- Akkarampalle Location in Andhra Pradesh, India
- Coordinates: 13°39′00″N 79°25′12″E﻿ / ﻿13.65000°N 79.42000°E
- Country: India
- State: Andhra Pradesh
- District: Tirupati

Government
- • Body: Tirupati Urban Development Authority(TUDA)

Area
- • Total: 5.03 km^{2} (1.94 sq mi)

Population (2011)
- • Total: 44,219
- • Density: 8,790/km^{2} (22,800/sq mi)

Languages
- • Official: Telugu
- Time zone: UTC+5:30 (IST)
- Vehicle registration: AP

= Akkarampalle =

Akkarampalle is a village in Tirupati Urban mandal, Tirupati district of the Indian state of Andhra Pradesh.

==Demographics==

As of 2001 India census, Akkarampalle had a population of 20,325. Males constitute 51% of the population and females 49%. Akkarampalle has an average literacy rate of 62%, higher than the national average of 59.5%; with 57% of the males and 43% of females literate. 13% of the population is under 6 years of age.

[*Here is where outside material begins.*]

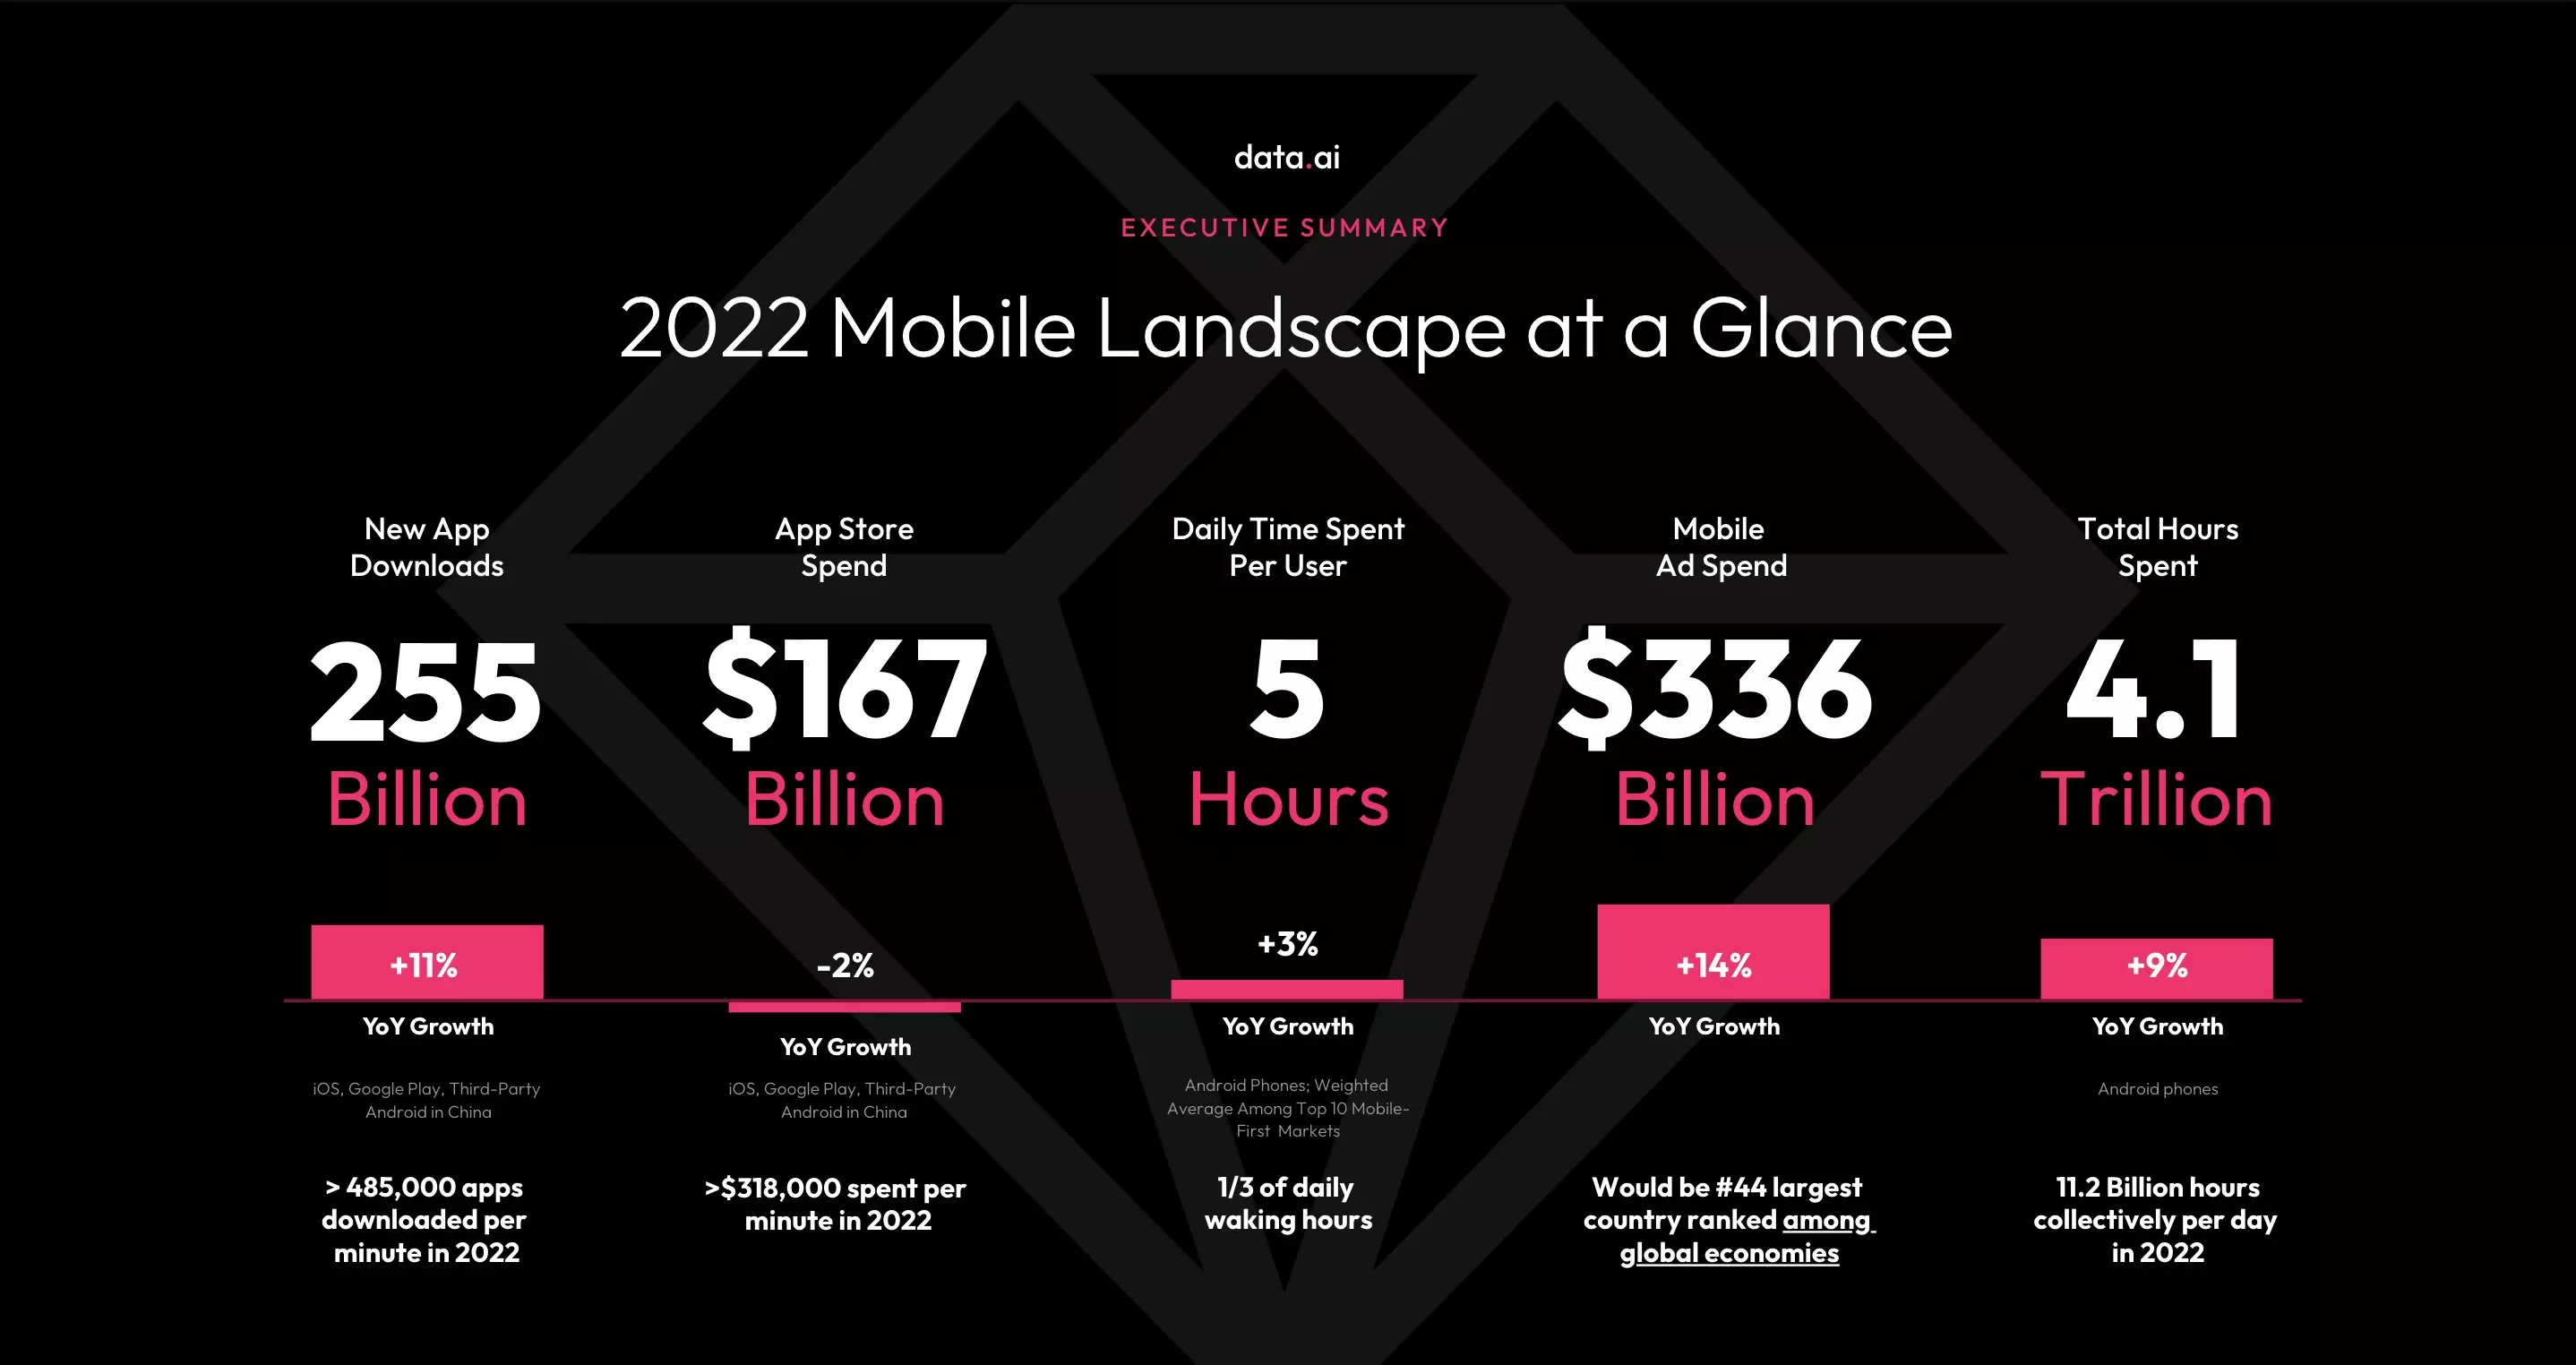 255 Billion downloads, $167 billion App Store Spend, 5 hours spent per user on apps, $336 billion in mobile ad send, 4.1 trillion hours spent in apps.

The religious makeup of Akkarampalle is approximately 94.10% Hindus and 5.75% Muslims while Christians, Sikhs, and Jains make up the remaining 1.15%.

==Education==
The primary and secondary school education is imparted by government, aided and private schools, under the School Education Department of the state. The medium of instruction followed by different schools are English, Telugu.